◆ **Your objective**
Could you retype only the lines from the one containing "Family picture framed" through the final line of the entries, both included, skipping any images?
::::::::::
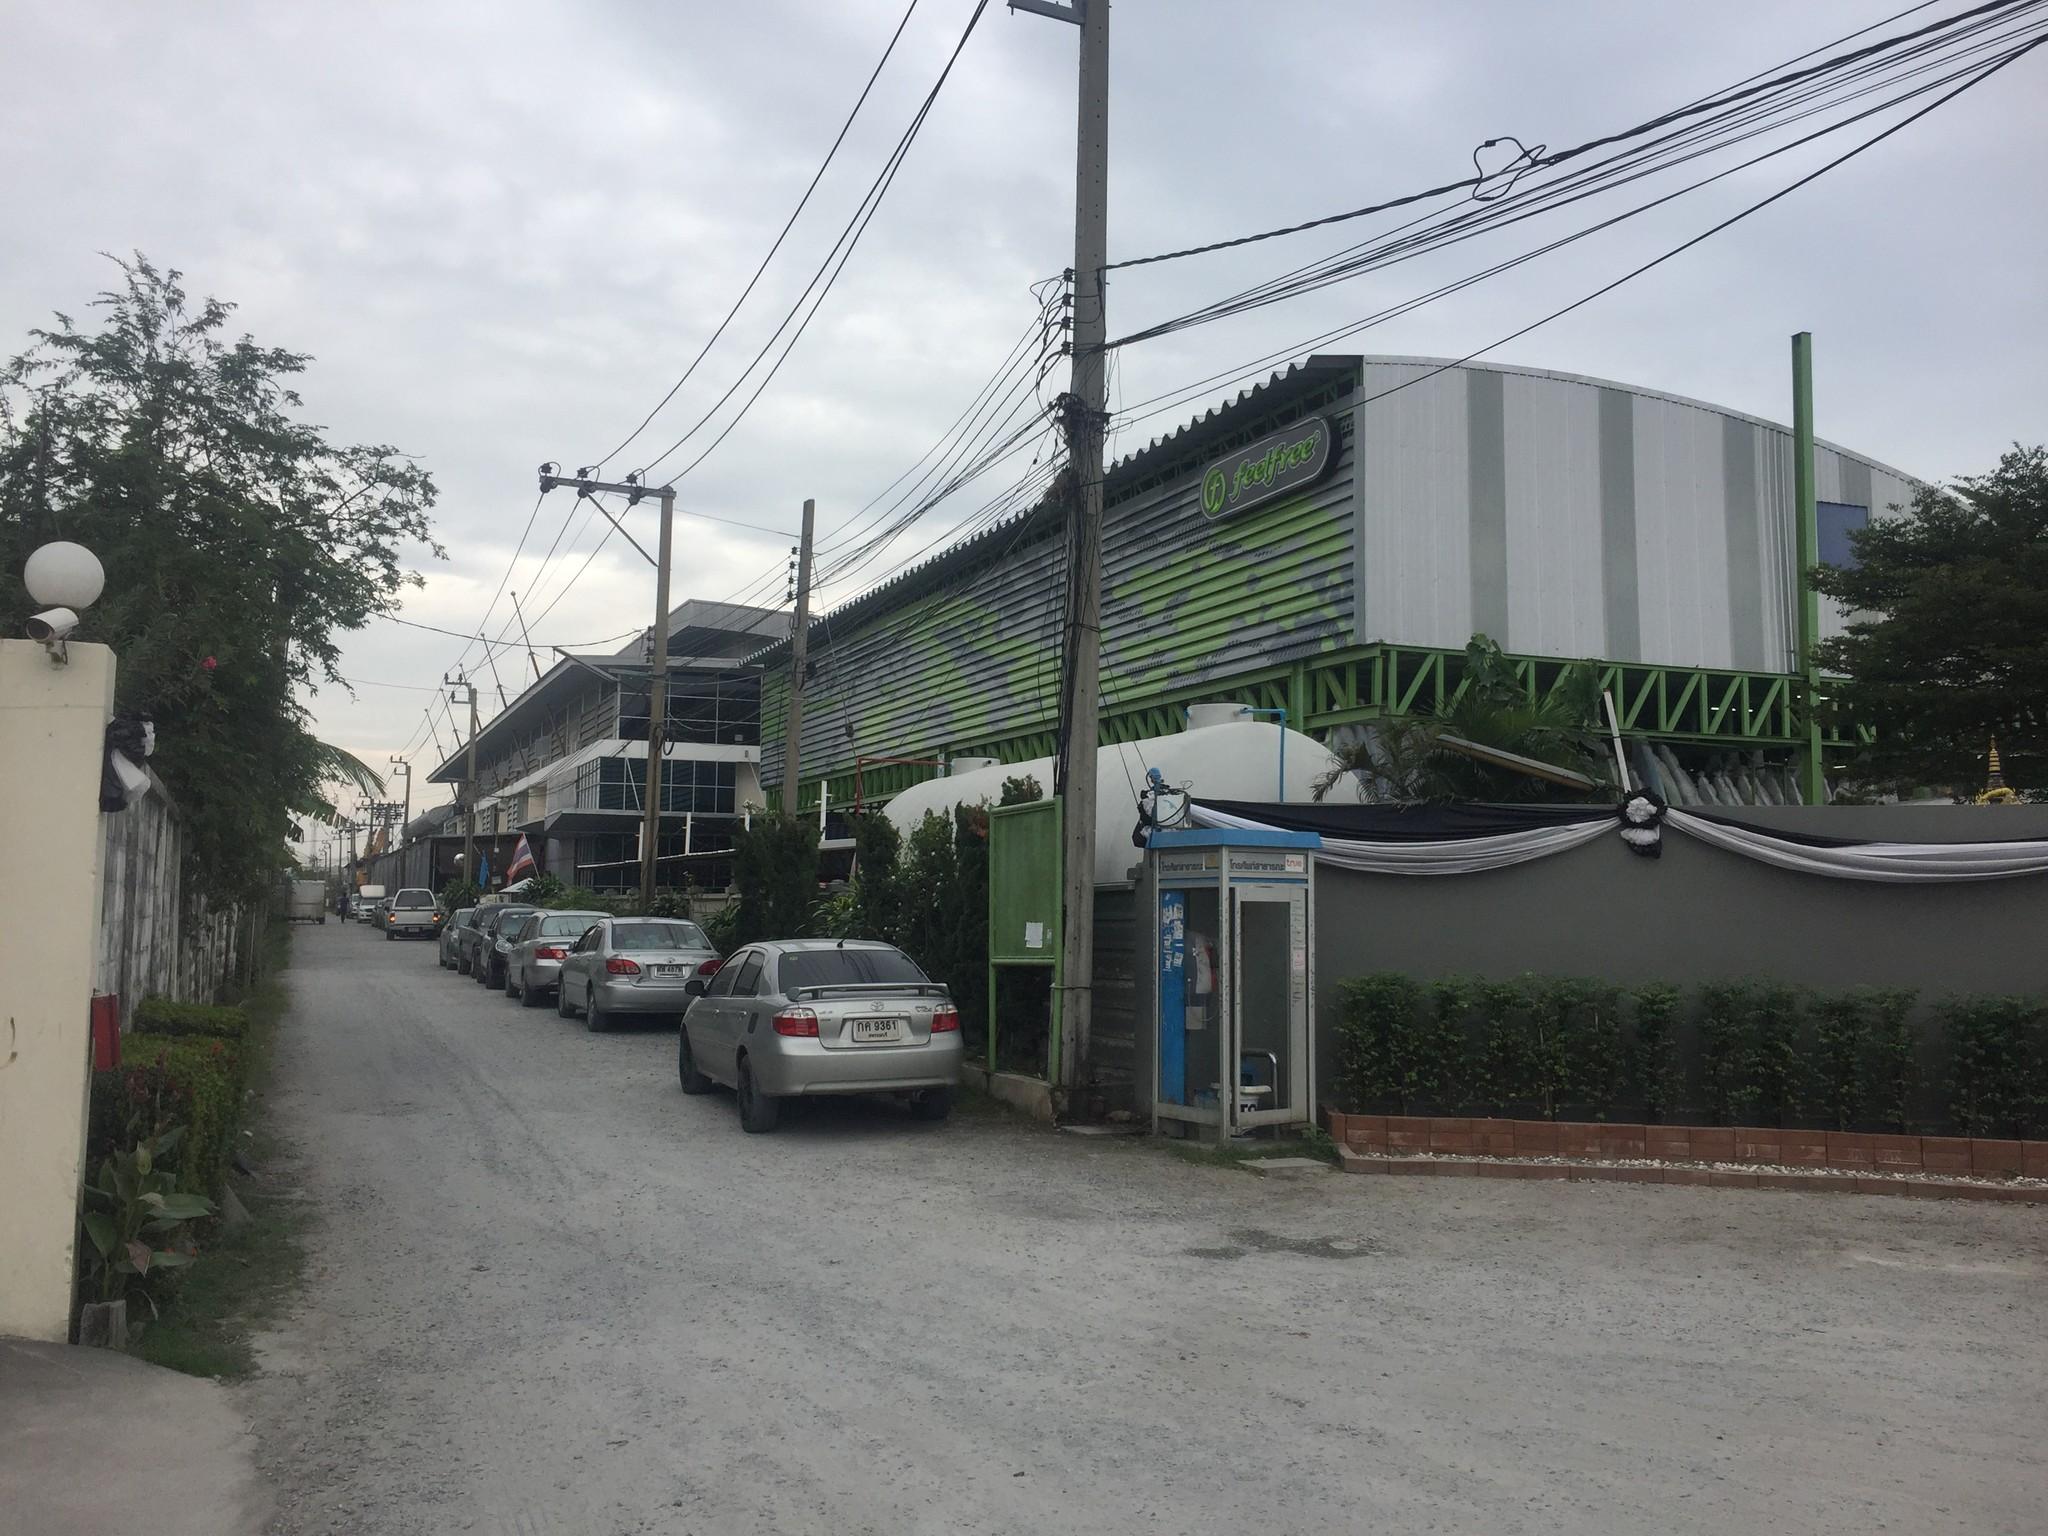 Feelfree fabriek
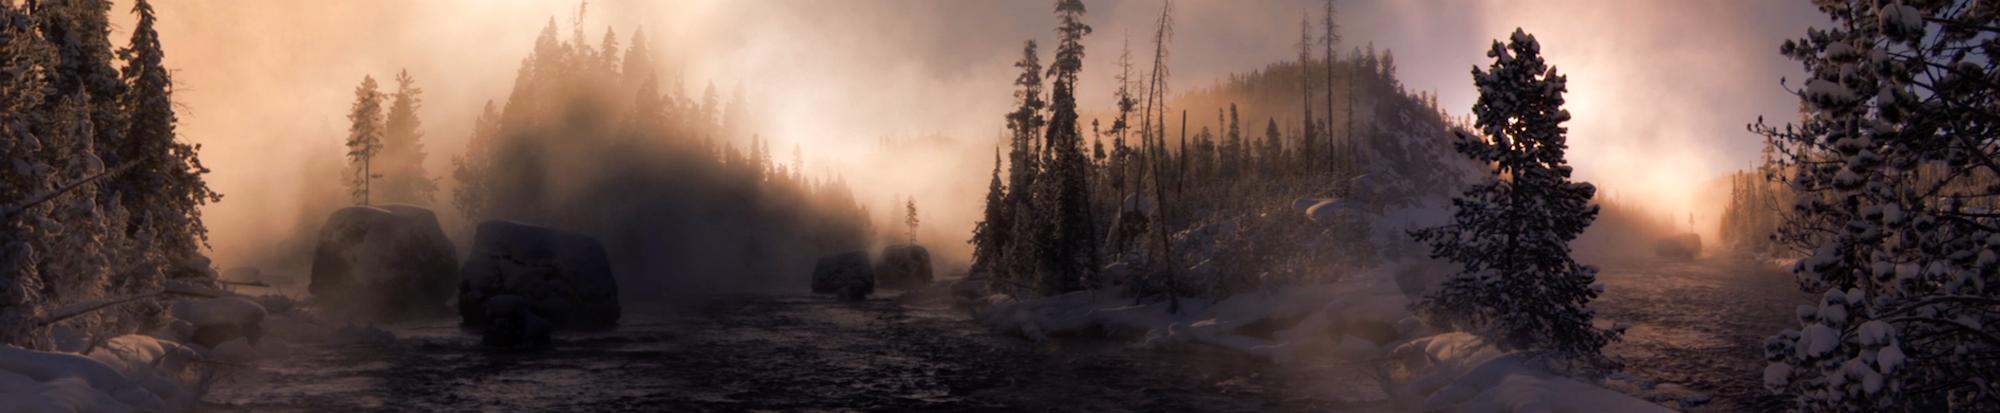 Yellowstone03.png
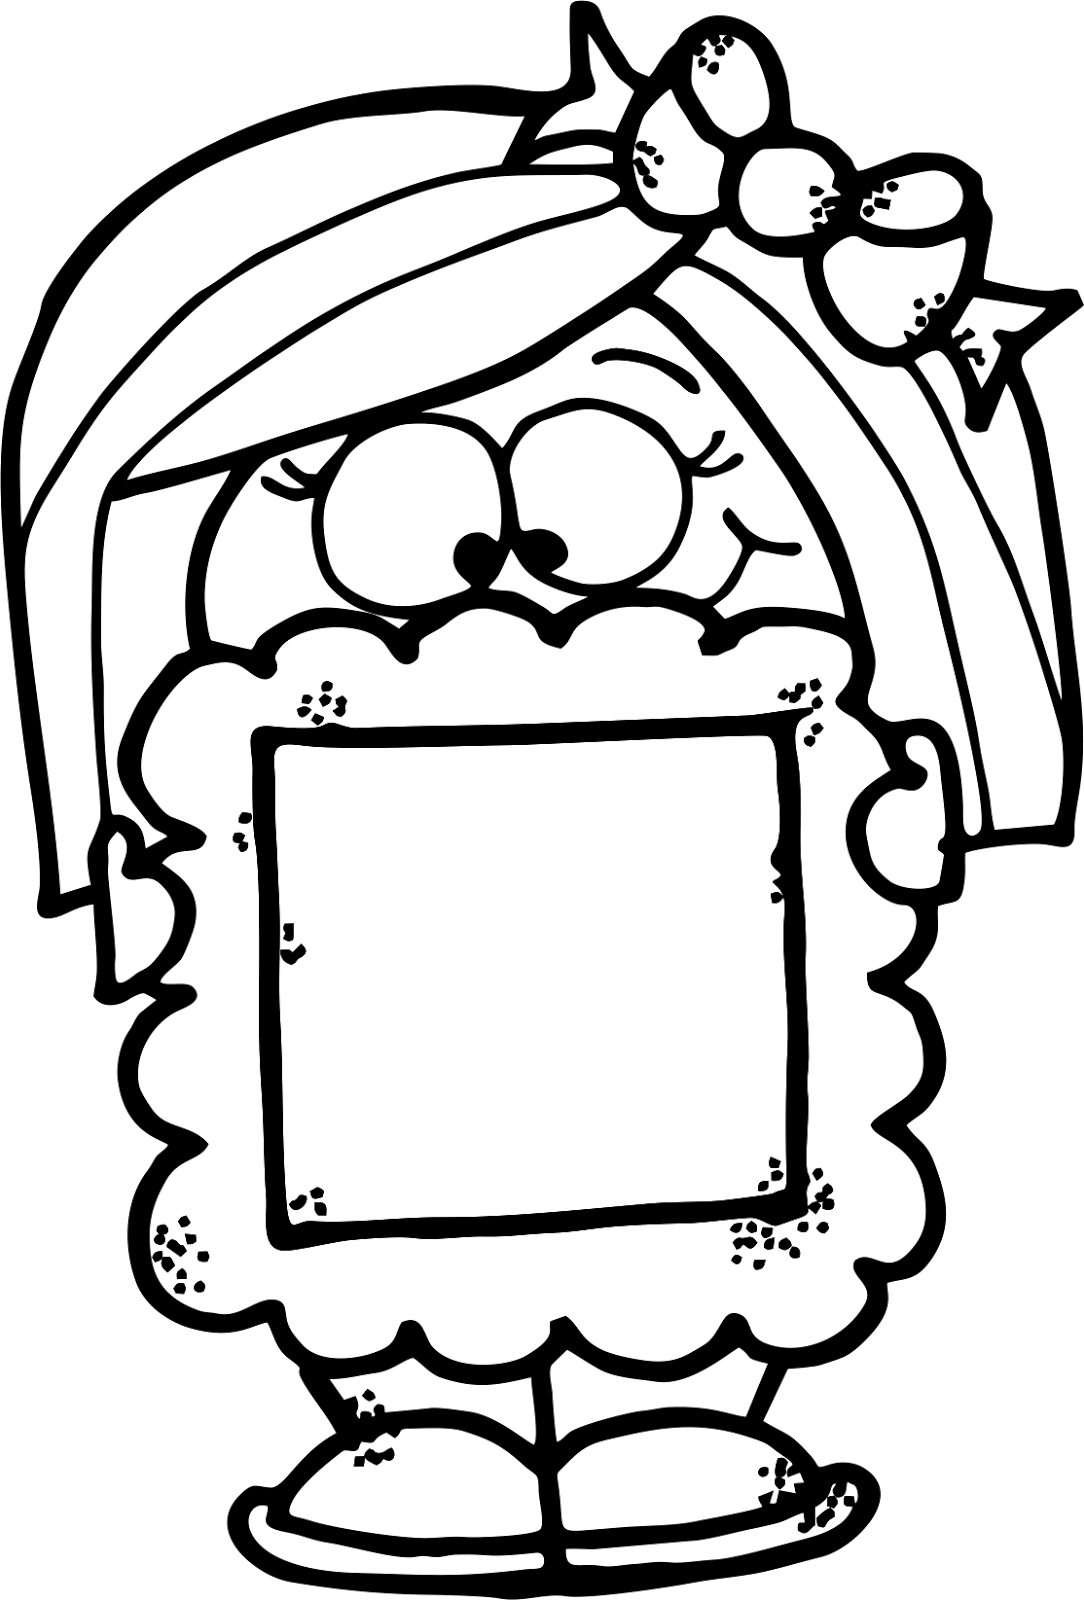 Family picture framed clipart black and white svg transparent download WorksheetJunkie: Free -ut word family clipart and frame kiddos ... svg transparent download
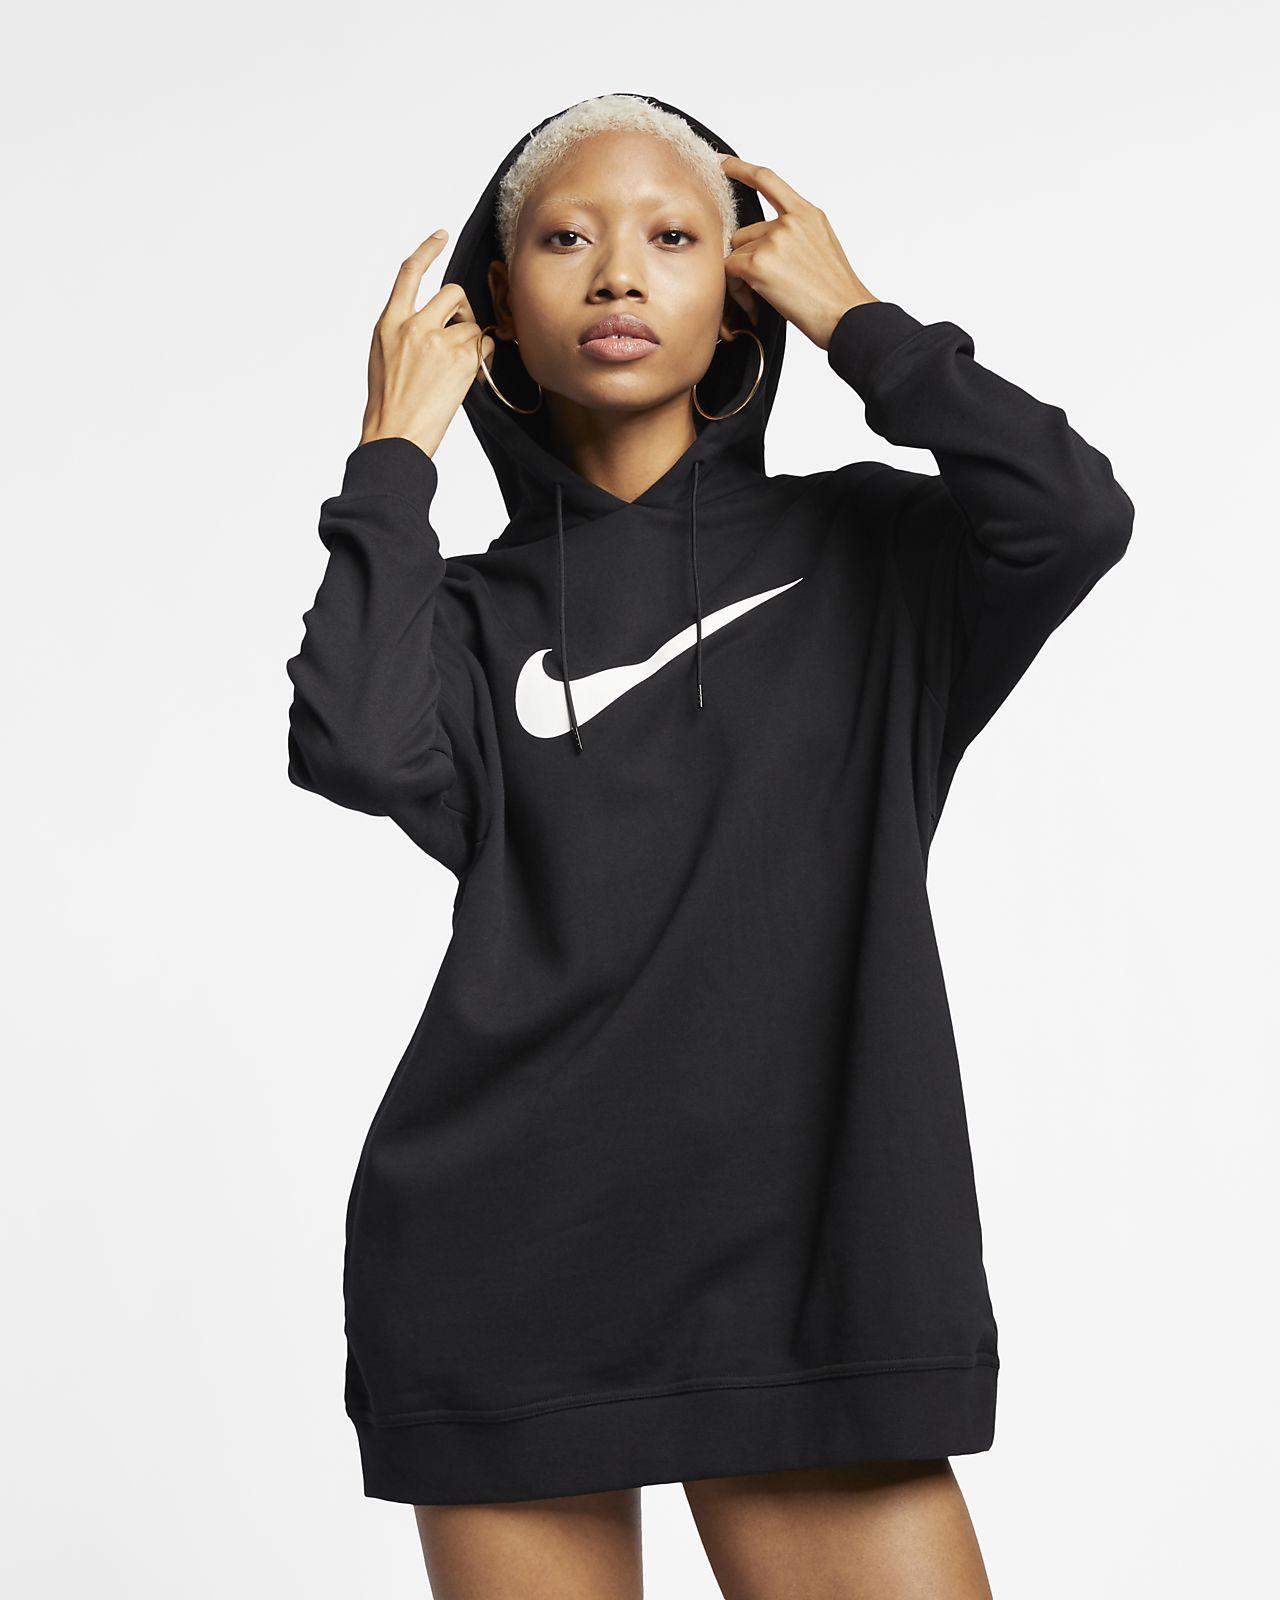 87c3098e7ea3 Nike Sportswear Swoosh Women s French Terry Hoodie. Nike.com
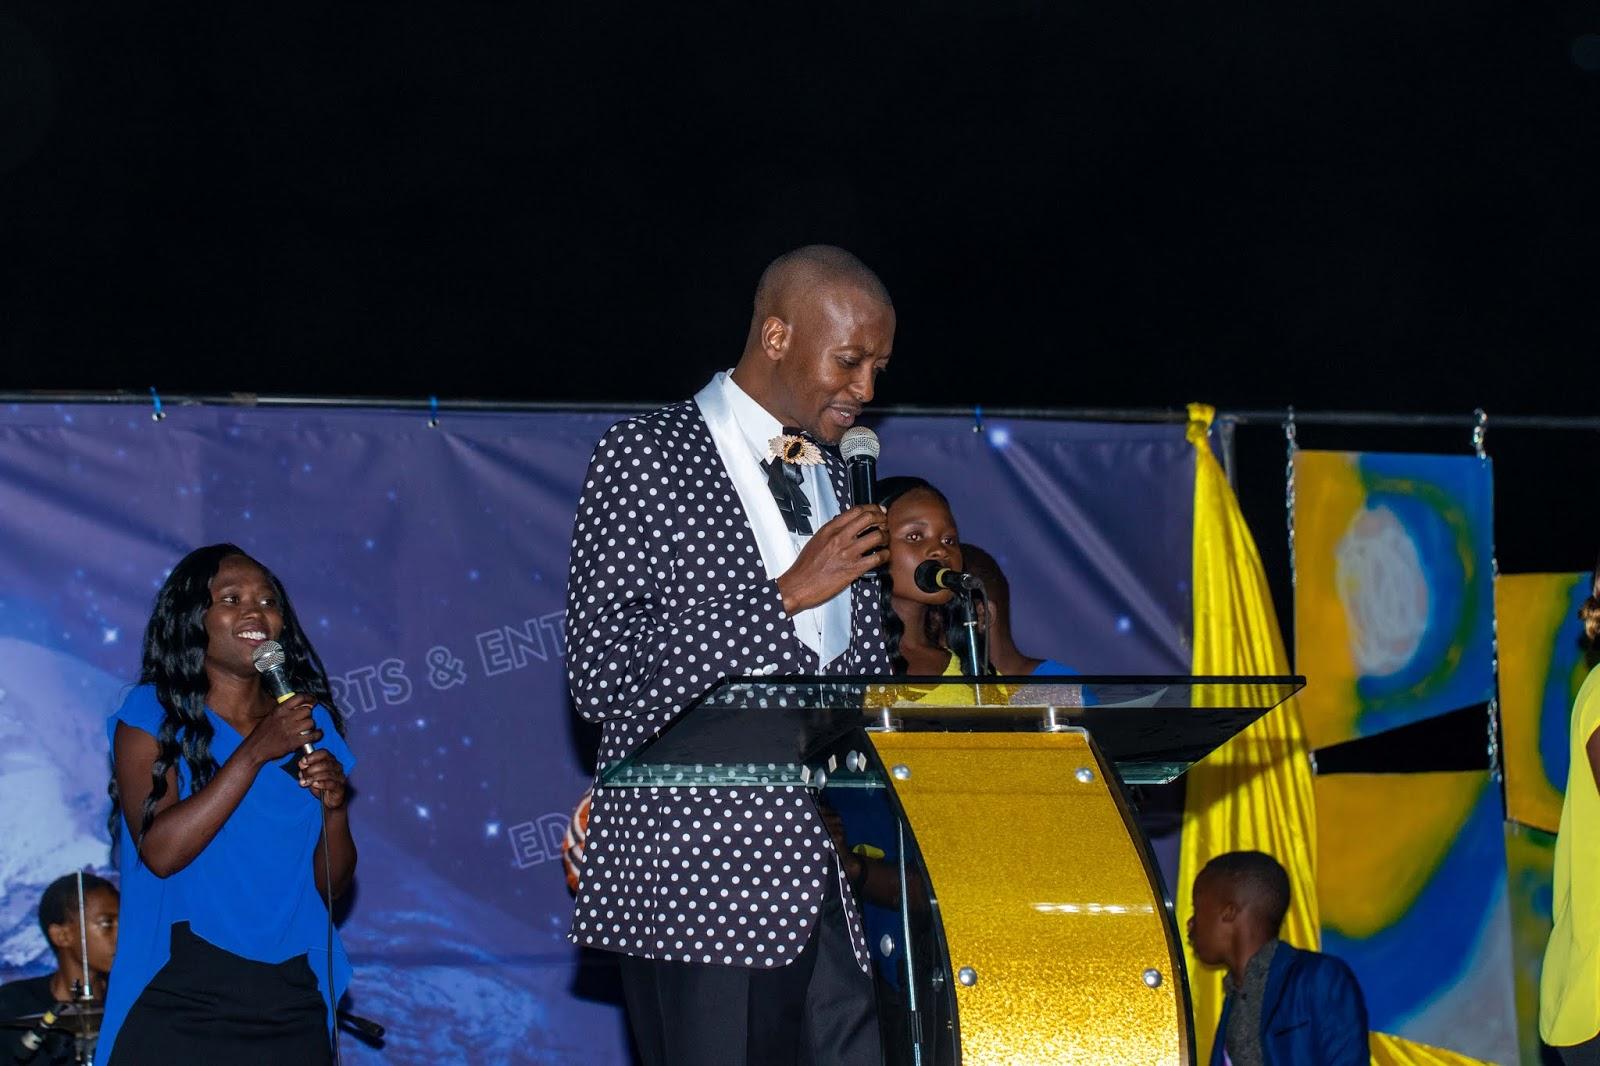 Apostle Pride Sbiyia and Overseer Maxwell Chinoruma On Tiyambuke 2018 Day One (Monday 3 September 2018 Evening)
::::::::::
◆ **Result for this exercise**
 Family picture framed clipart black and white svg transparent download WorksheetJunkie: Free -ut word family clipart and frame kiddos ... svg transparent download
 87c3098e7ea3 Nike Sportswear Swoosh Women s French Terry Hoodie. Nike.com
 Apostle Pride Sbiyia and Overseer Maxwell Chinoruma On Tiyambuke 2018 Day One (Monday 3 September 2018 Evening)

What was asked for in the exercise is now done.